189 13:50 <provoostenator> troygiorshev: I'm not worried modinv is implemented incorrectly in the Python library, but might be in our implementation. (though in this case I tested the result is the same)
190 13:50 <michaelfolkson> Is that the motivation?
191 13:52 <fjahr> michaelfolkson: not in the functional tests but into files of the functional test framework
192 13:52 <sipa> provoostenator: modinv isn't implemented in the Python library before 3.8 i think
193 13:52 <troygiorshev> fjahr: this seems like a great opportunity for fuzz testing
194 13:52 <elichai2> Maybe writing a list of test vectors can be nice
195 13:52 <lightlike> fjahr: it doesn't seem in the right place, because stuff tested in a functional tests should depend on a running node in some way - so I like jnewbery's suggestion to have python unit test.
196 13:52 <sipa> fuzz testing cryptographic code is extremely hard
197 13:52 <provoostenator> sipa: correct, I would just wait for that, and put a TODO until then
198 13:53 <fjahr> trygiorshev: yes, provoostenator has pointed this out as well
199 13:53 <troygiorshev> sipa: Ah I'm using the word too flexibly. I just mean giving both the same random inputs
200 13:53 <troygiorshev> would only check for parity
201 13:54 <provoostenator> One thing you can do, if you have hundreds of test vectors, is to run a tiny percentage through the slower algoritm.

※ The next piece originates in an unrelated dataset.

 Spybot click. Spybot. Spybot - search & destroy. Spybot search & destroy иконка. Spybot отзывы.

But we only have 1.
202 13:54 <michaelfolkson> fjahr: And the motivation for this was that tests were unreliable? What was happening because the unit tests weren't in the files of the functional test framework?

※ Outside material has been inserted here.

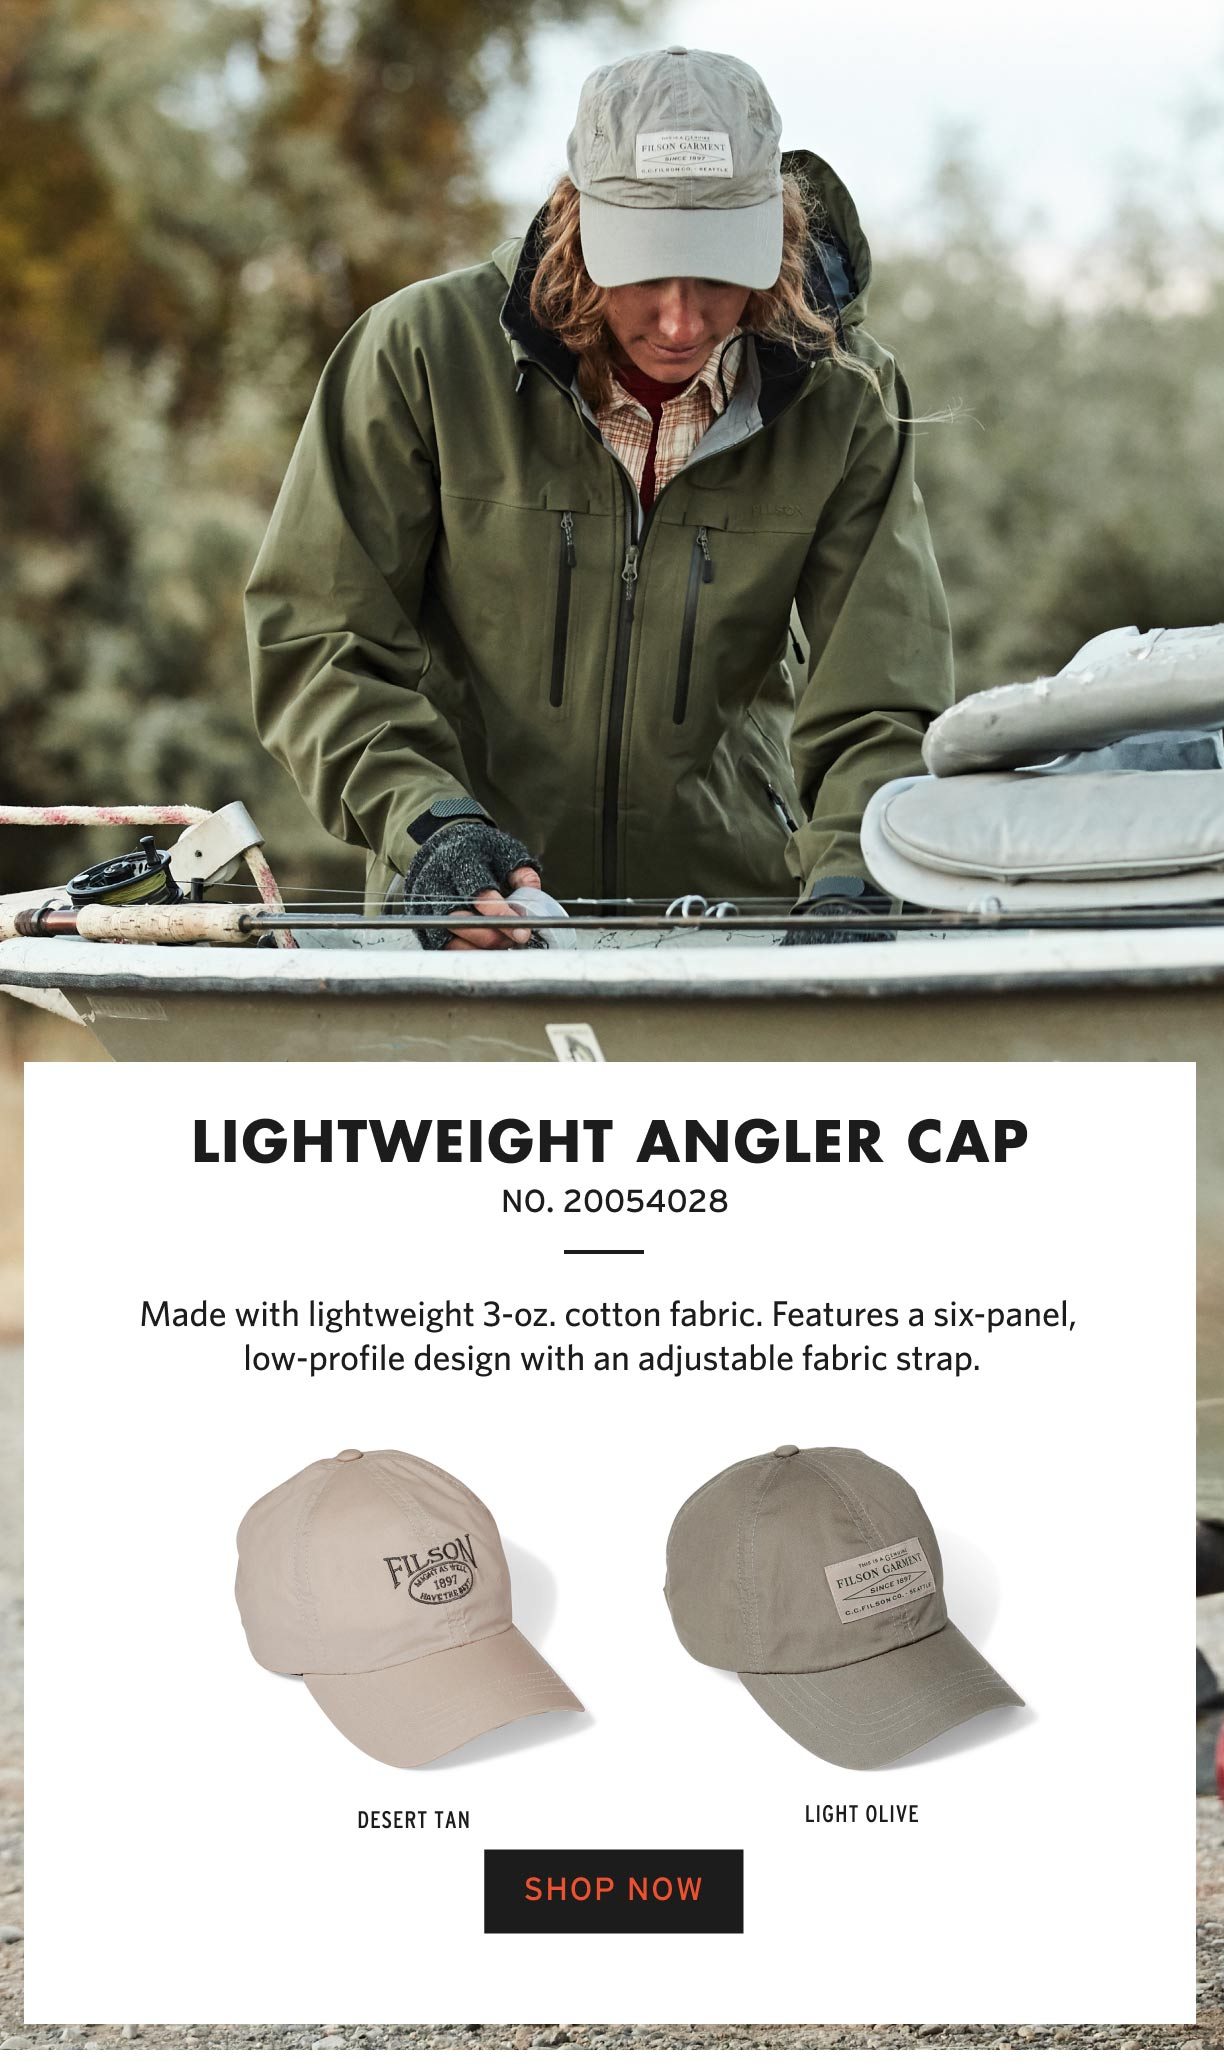 LIGHTWEIGHT ANGLER CAP. SHOP NOW

203 13:54 <jnewbery> it's a shame that sipa wrote the c++ and python implementation. Ideally the python implemenation would be written by someone who isn't sipa and has never talked to sipa about muhash :)
204 13:55 <sipa> i volunteer jnewbery to rewrite it :)

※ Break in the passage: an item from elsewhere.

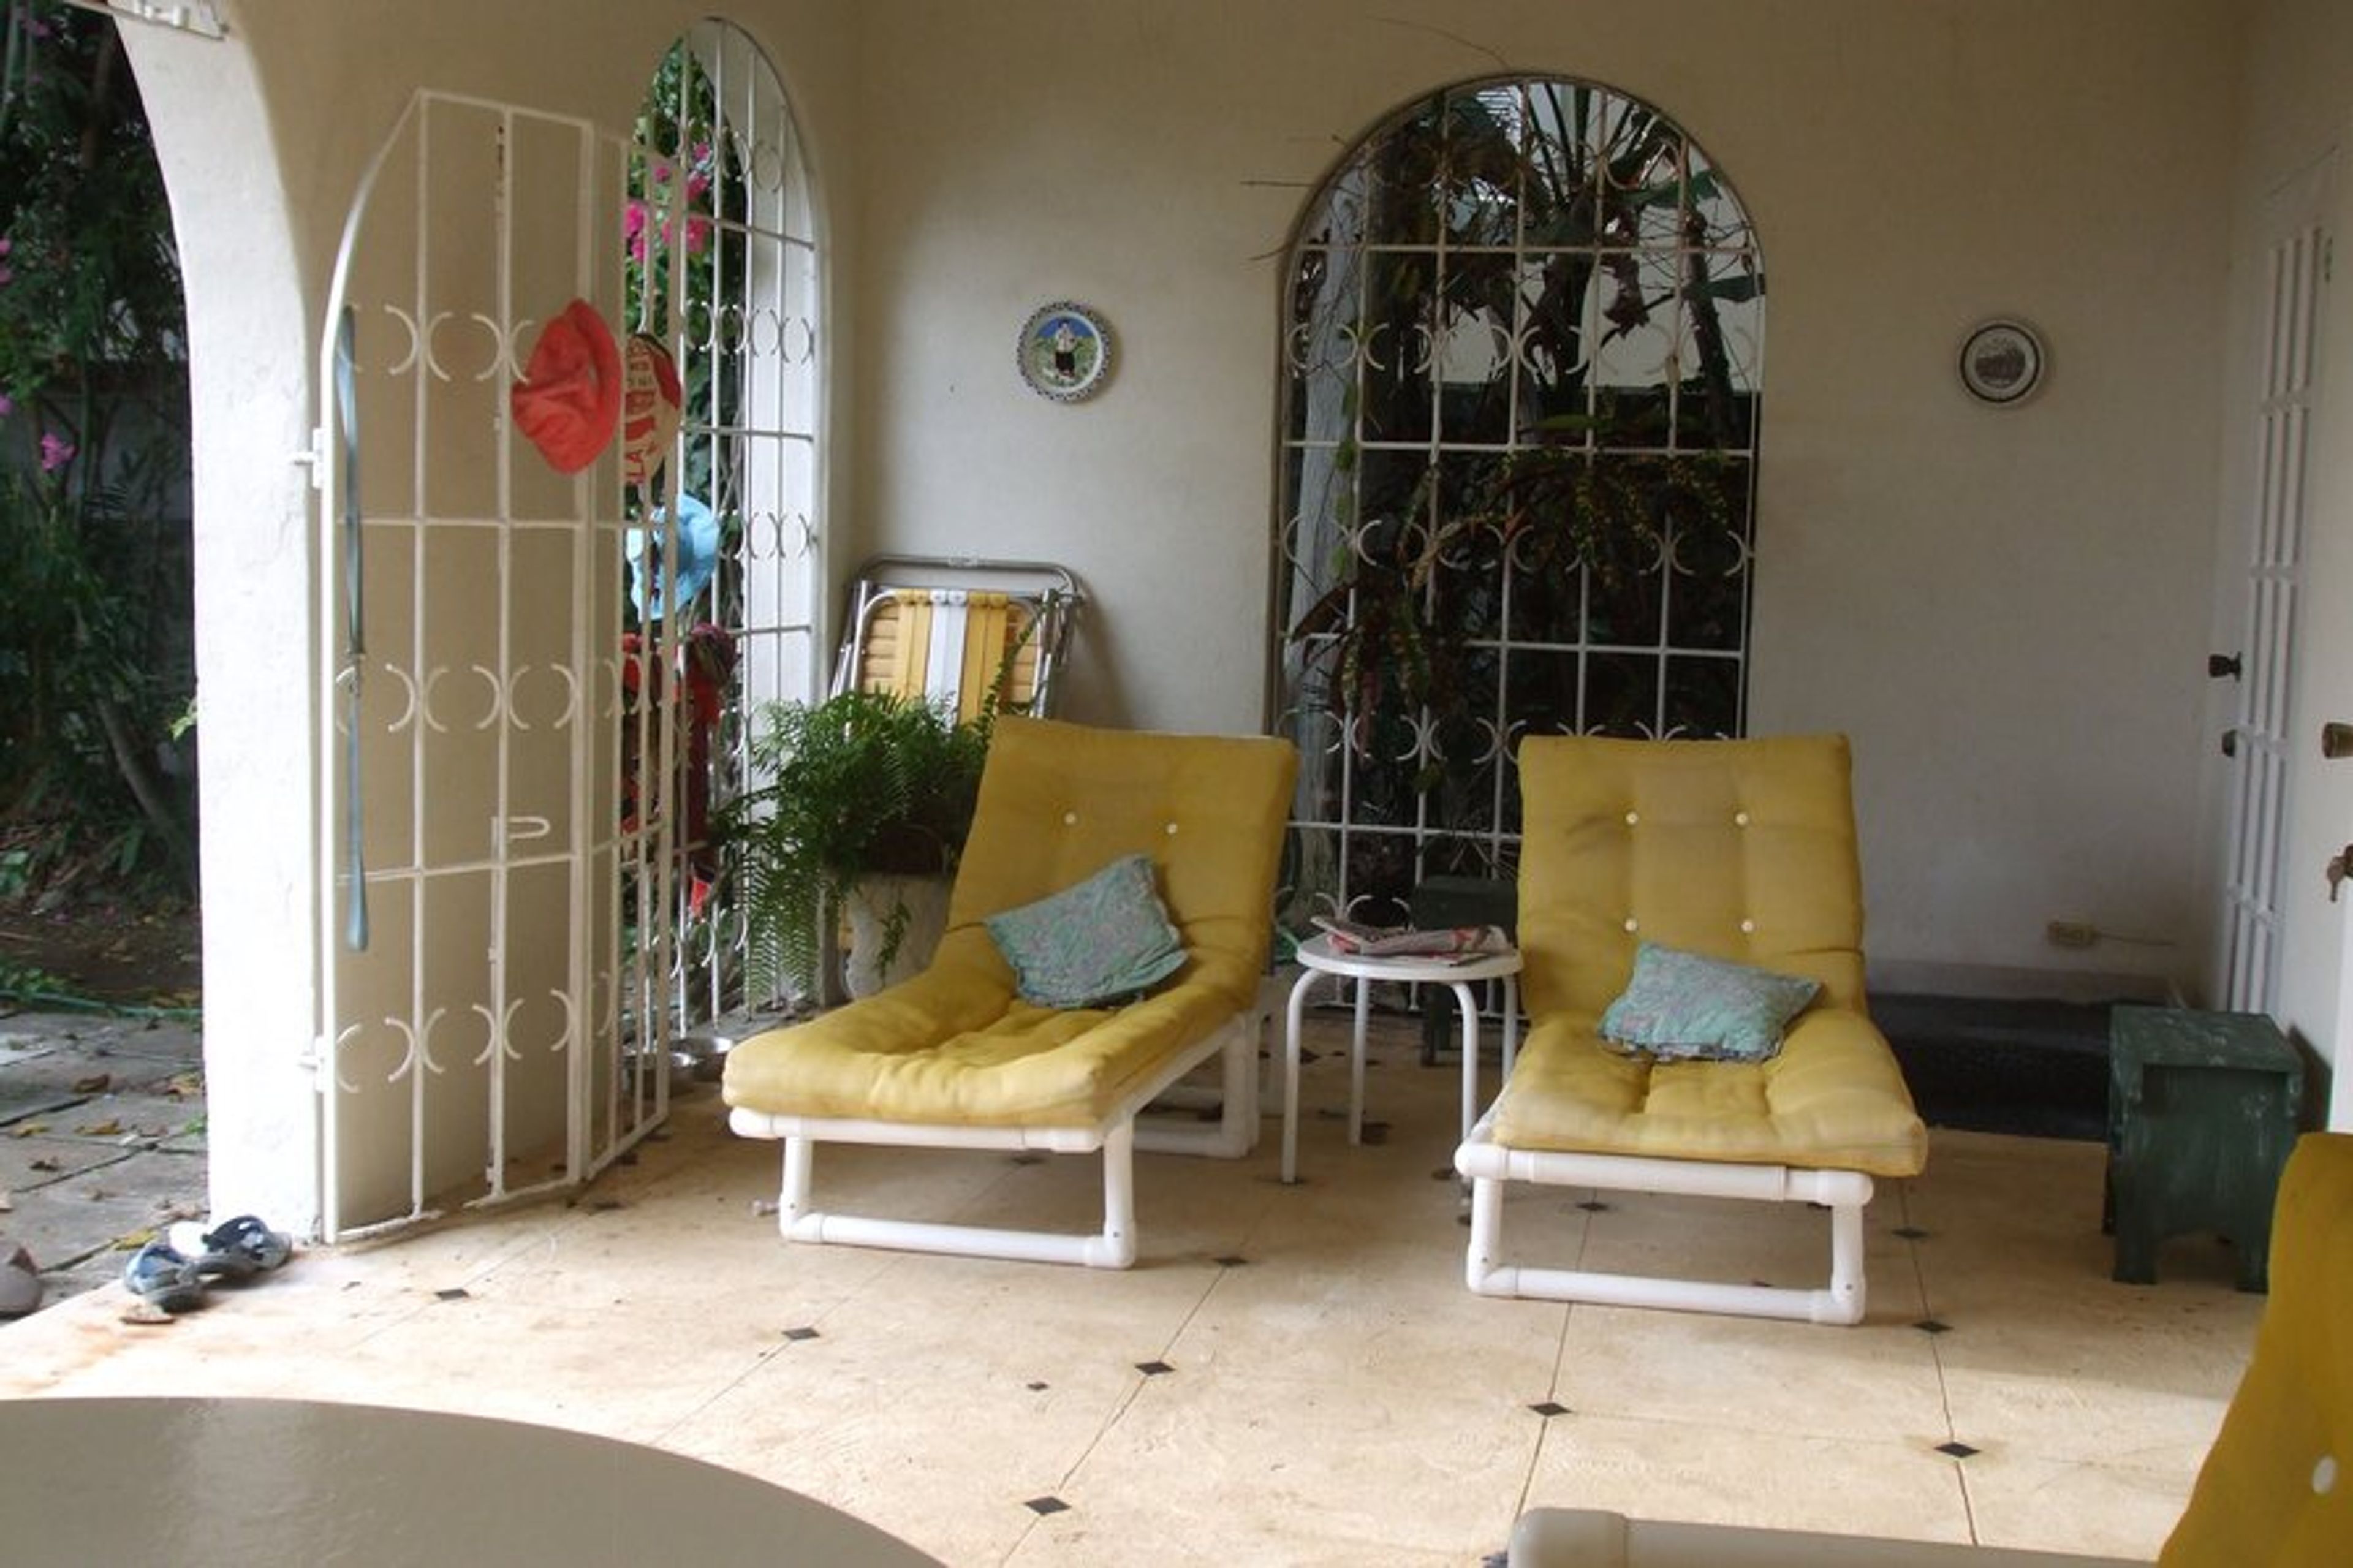 Veranda/porch between living room and garden

205 13:55 <michaelfolkson> I need to get to understand the test framework better, it is regularly tripping me up
206 13:55 <sipa> (you're right)
207 13:55 <thomasb06> jnewbery: sipa: maybe one day...
208 13:56 <jnewbery> too late. I've already read your implementation so I can't write one that is uninfluenced by you
209 13:56 * troygiorshev scrolls up to see who responded "n" to "reviewed?"
210 13:56 <fjahr> michaelfolkson: it's a better way to do this style of testing of the the python implementations of stuff, its really a unit test and feels weird in the functional test files
211 13:57 <sipa> i think this is actually one part where MuHash has an advantage... apart from gluing SHA256/ChaCha20 together, the code is trivial in python (it's multiplying and dividing numbers modulo a prime)
213 13:57 <provoostenator> Agreed, the Python version is very nice and short. Probably the first time I could wrap my head around it.
214 13:58 <fjahr> sipa: agree
215 13:58 <provoostenator> If you chuck the ChaCha20 and ModInv stuff in another file, it's even better
216 13:58 <fjahr> ok, one more minute
218 13:59 <jnewbery> I haven't fully digested it, but it's something I plan to dig into
219 13:59 <provoostenator> Haha, digested
220 13:59 <nehan> oh -- i found the use of "set" confusing given that you can add the same value multiple times (at least this is what i recall from some other discussion) and get a different hash
221 14:00 <provoostenator> nehan: that confused me too. It's not a set. Unless you treat it very carefully.
222 14:00 <fjahr> yeah, it's a bit confusing because what you can do =/= what you should do
223 14:01 <sipa> jnewbery: haha, digested
224 14:01 <fjahr> I will improve docs certainly :)
225 14:01 <fjahr> #endmeeting
226 14:01 <nehan> thanks fjahr!
227 14:01 <andrewtoth> thanks fjahr!
228 14:01 <fjahr> went by way too fast again. Thanks everyone!
229 14:01 <troygiorshev> thanks fjakr!
231 14:02 <troygiorshev> fjahr*
232 14:02 <jnewbery> thanks fjahr. Thanks sipa. Really interesting discussion
233 14:02 <fjahr> I really appreciate the feedback!
234 14:02 <emzy> thanks fjahr!
235 14:02 <lightlike> thank fjahr
236 14:02 <michaelfolkson> Time flies when you are having fun fjahr. Nice work
237 14:02 <compress> thanks fjahr
238 14:02 <fjahr> Thanks sipa!
239 14:02 <sipa> fjahr: yw, and thanks for hosting again
240 14:02 <figs> thanks everyone
241 14:06 <SirRichard> Thanks everyone, great discussion. Great to learn and follow along.